■ DIRECTIONS FOR THIS TASK
Everything in the listing should be copied exactly, save for the pictures.

■ INFORMATION SUPPLIED
^^^^^^^^

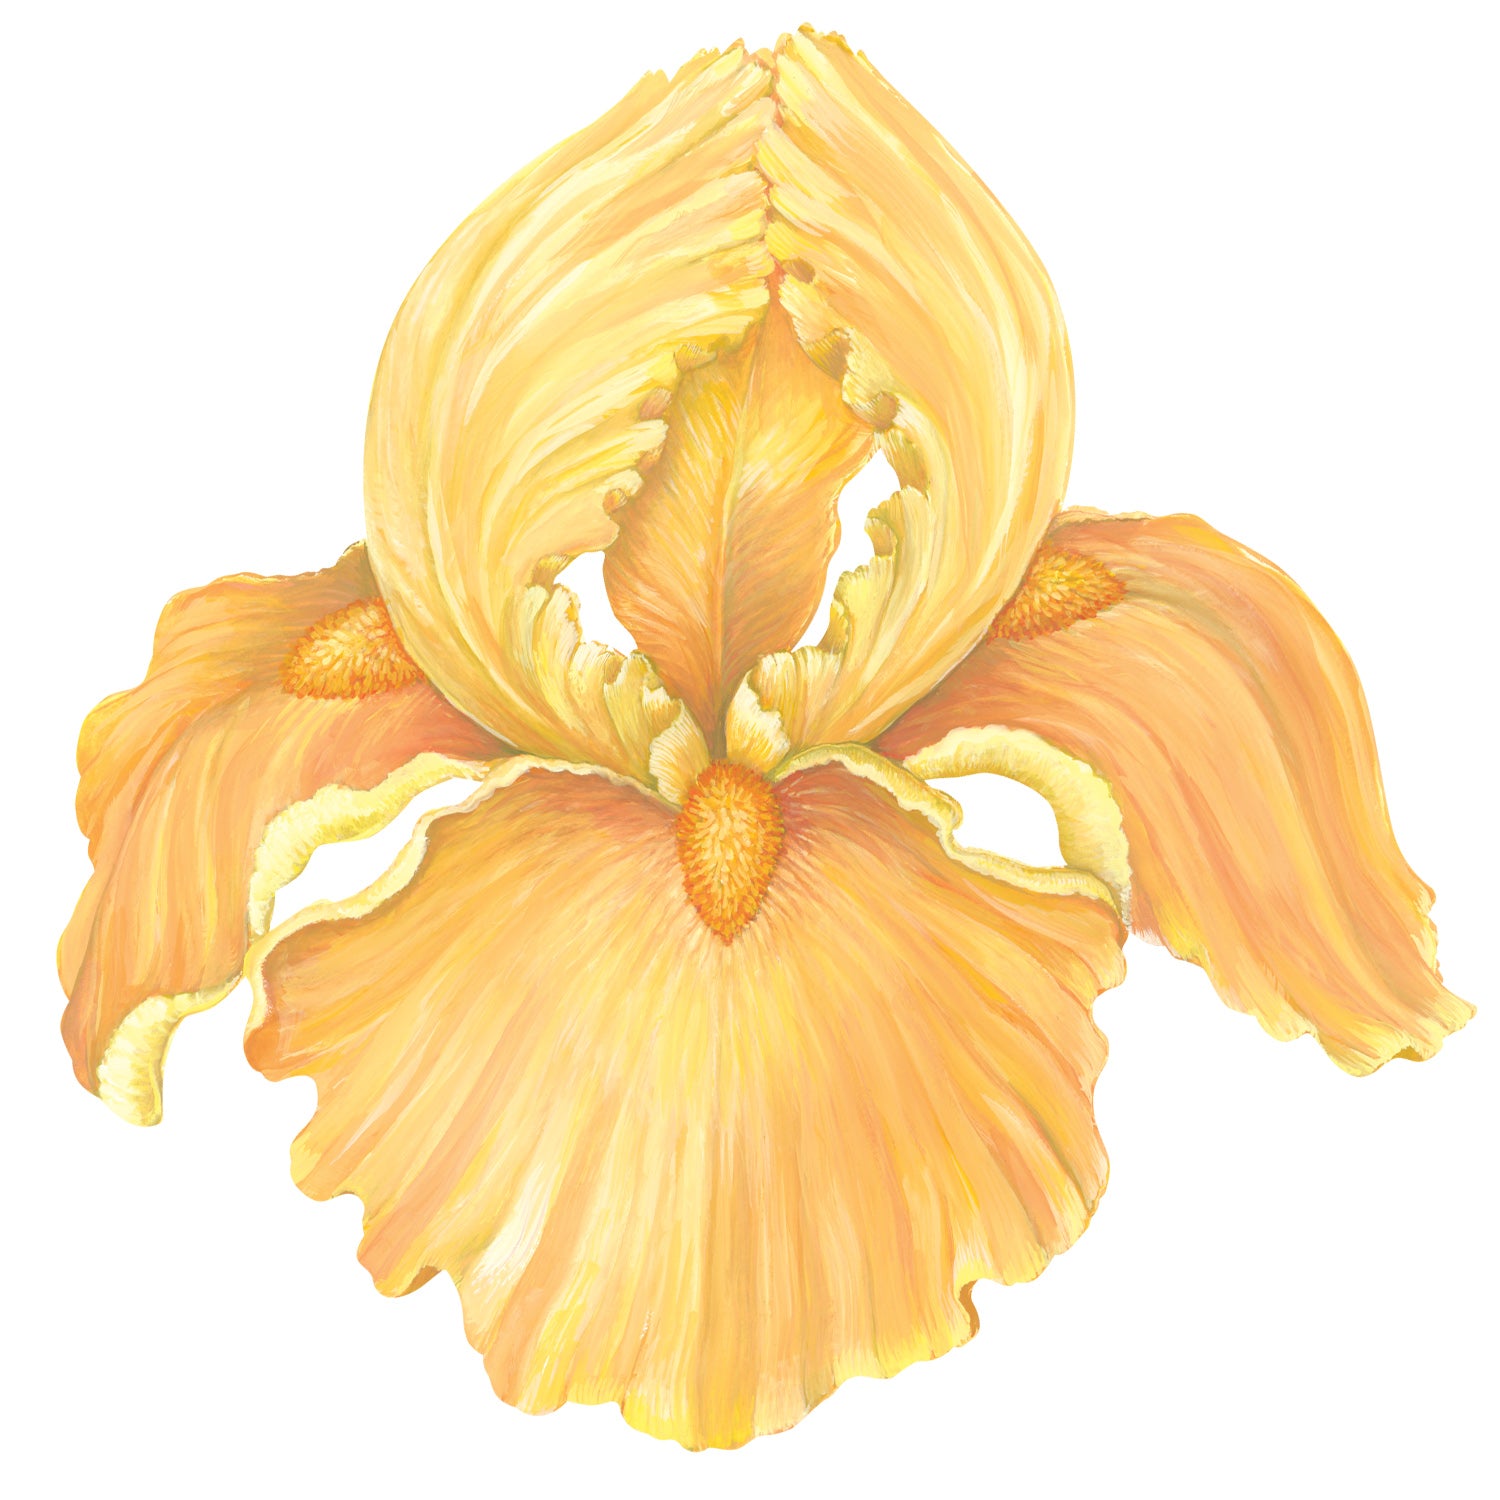 A die-cut illustrated iris bloom, in bright yellow.
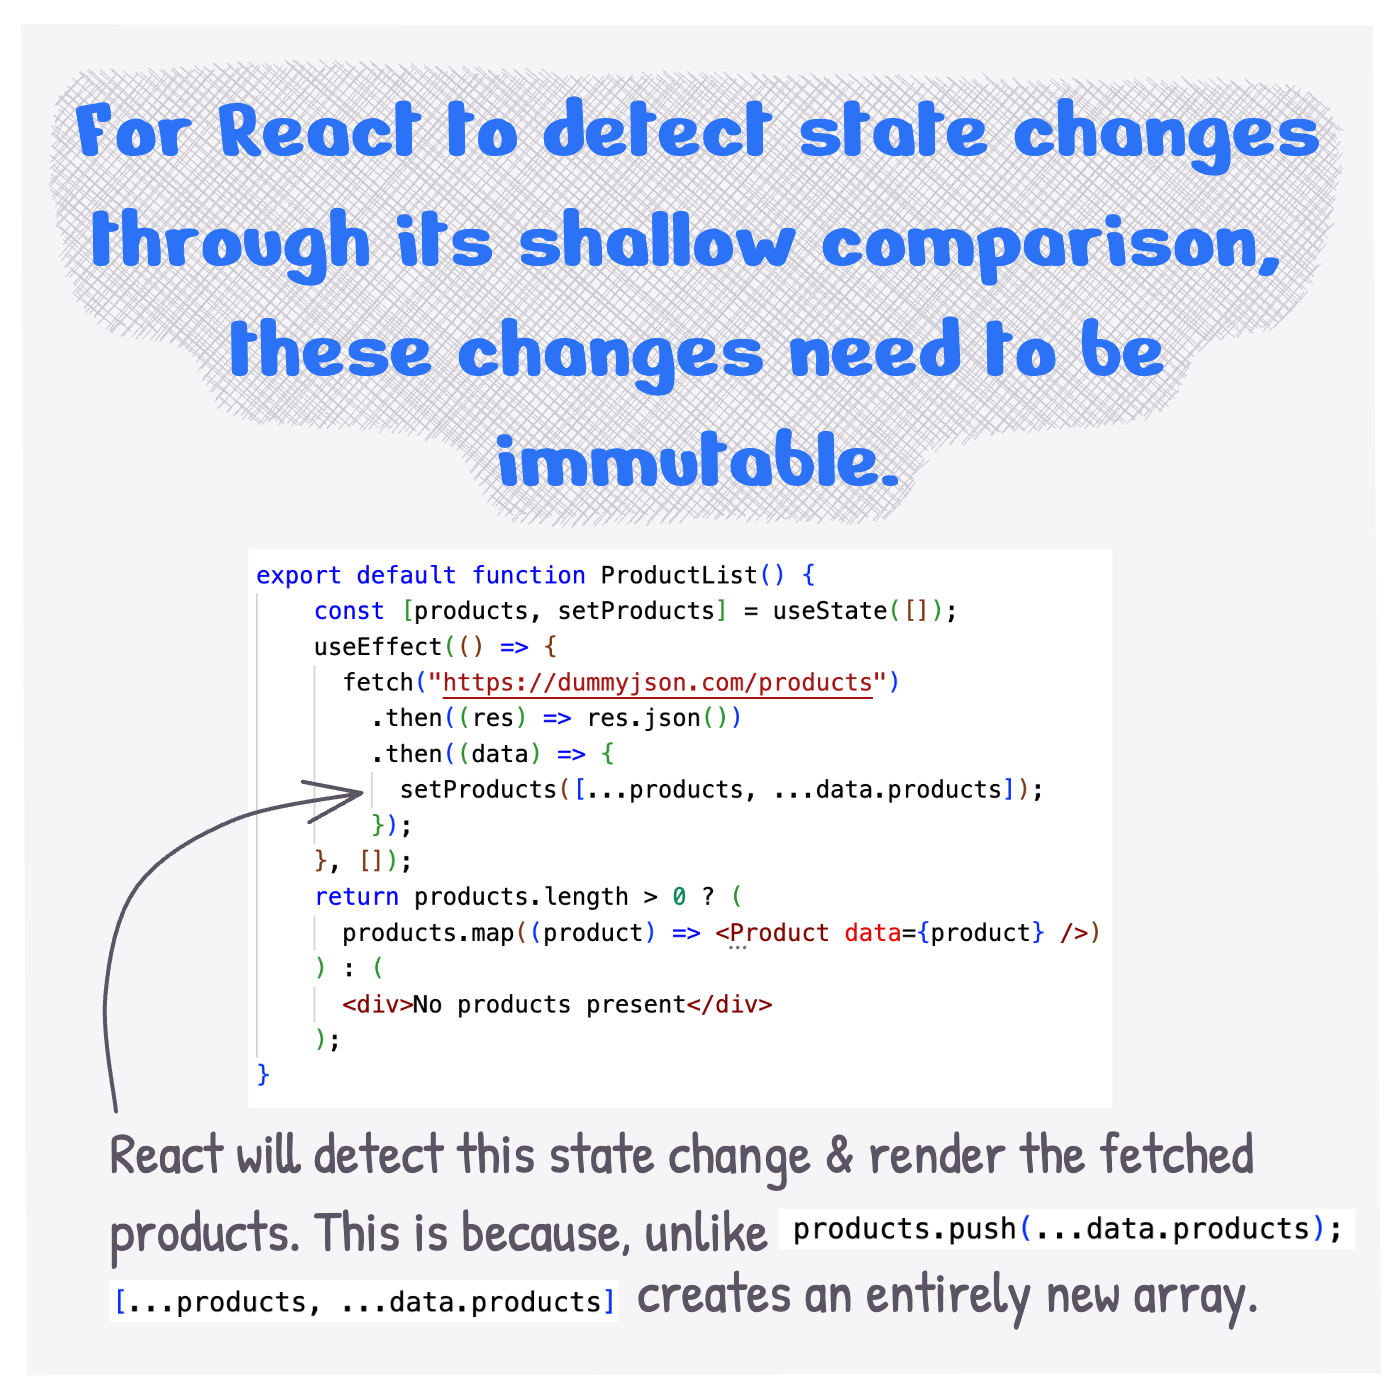 For React to detect state changes through its shallow comparison, these changes need to be immutable.
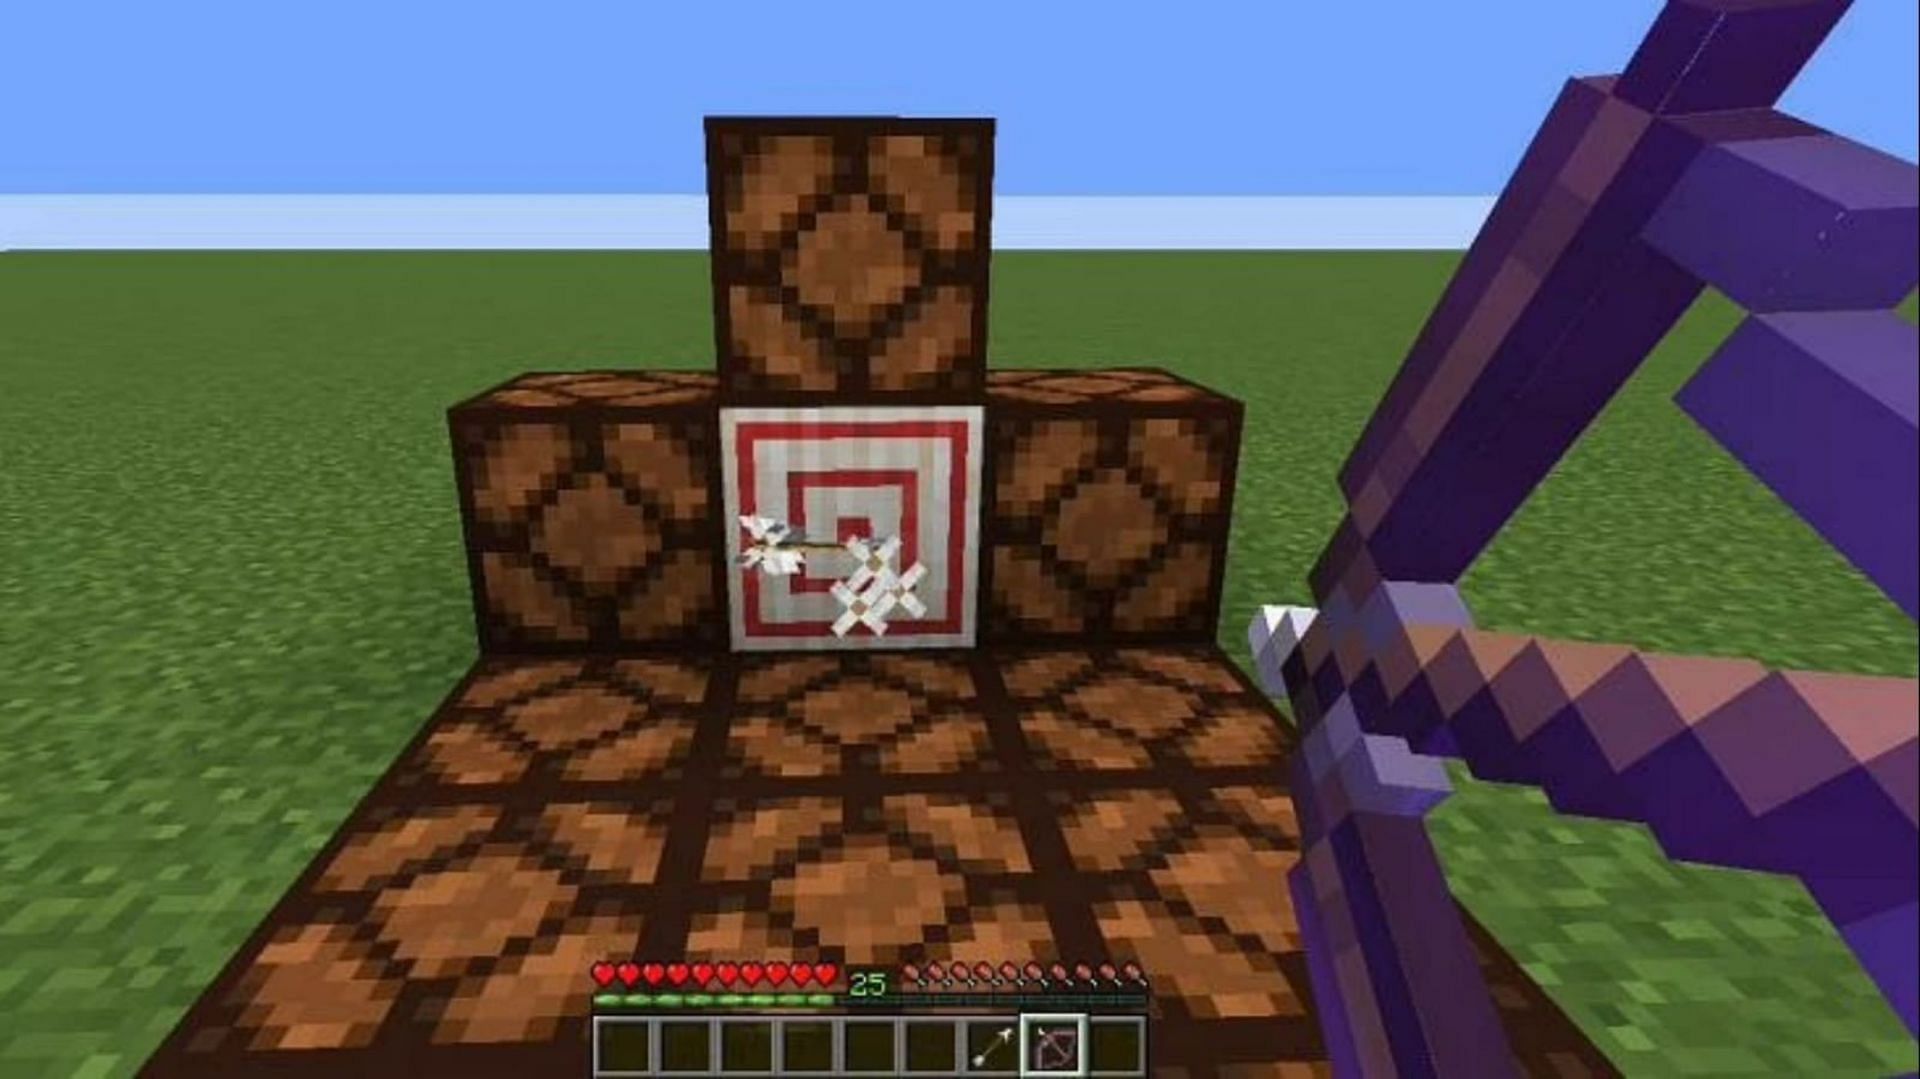 Ammunition is a thing of the past with Infinity (Image via Mojang)
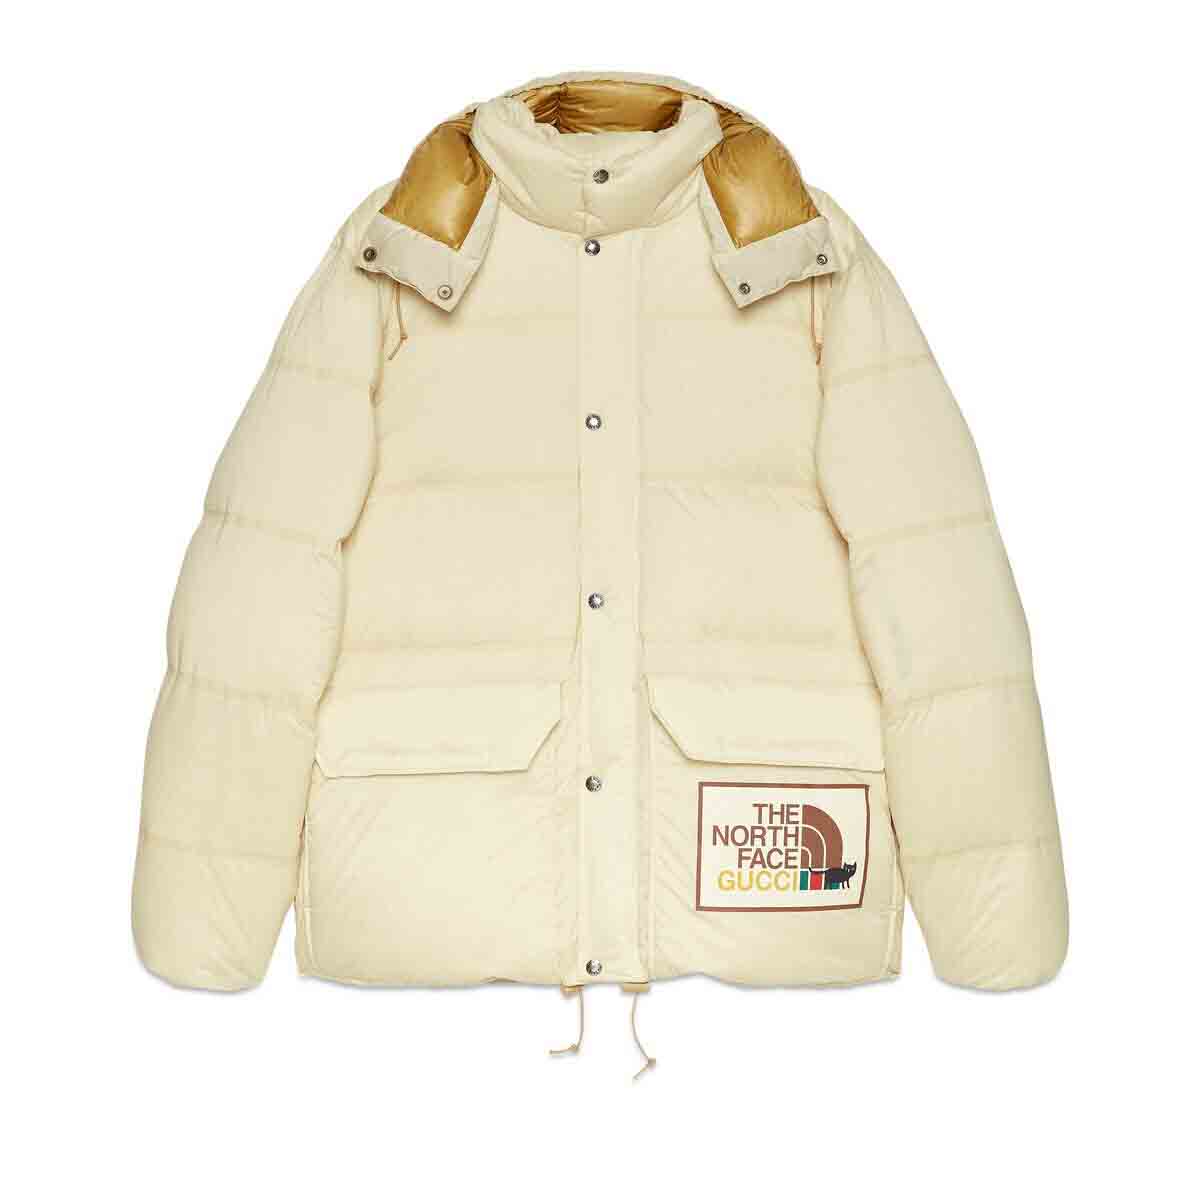 Gucci x The North Face Down Jacket Beige Men's - FW21 - GB

^^^^^^^^

■ WRITTEN RESPONSE
 A die-cut illustrated iris bloom, in bright yellow.
 For React to detect state changes through its shallow comparison, these changes need to be immutable.
 Ammunition is a thing of the past with Infinity (Image via Mojang)
 Gucci x The North Face Down Jacket Beige Men's - FW21 - GB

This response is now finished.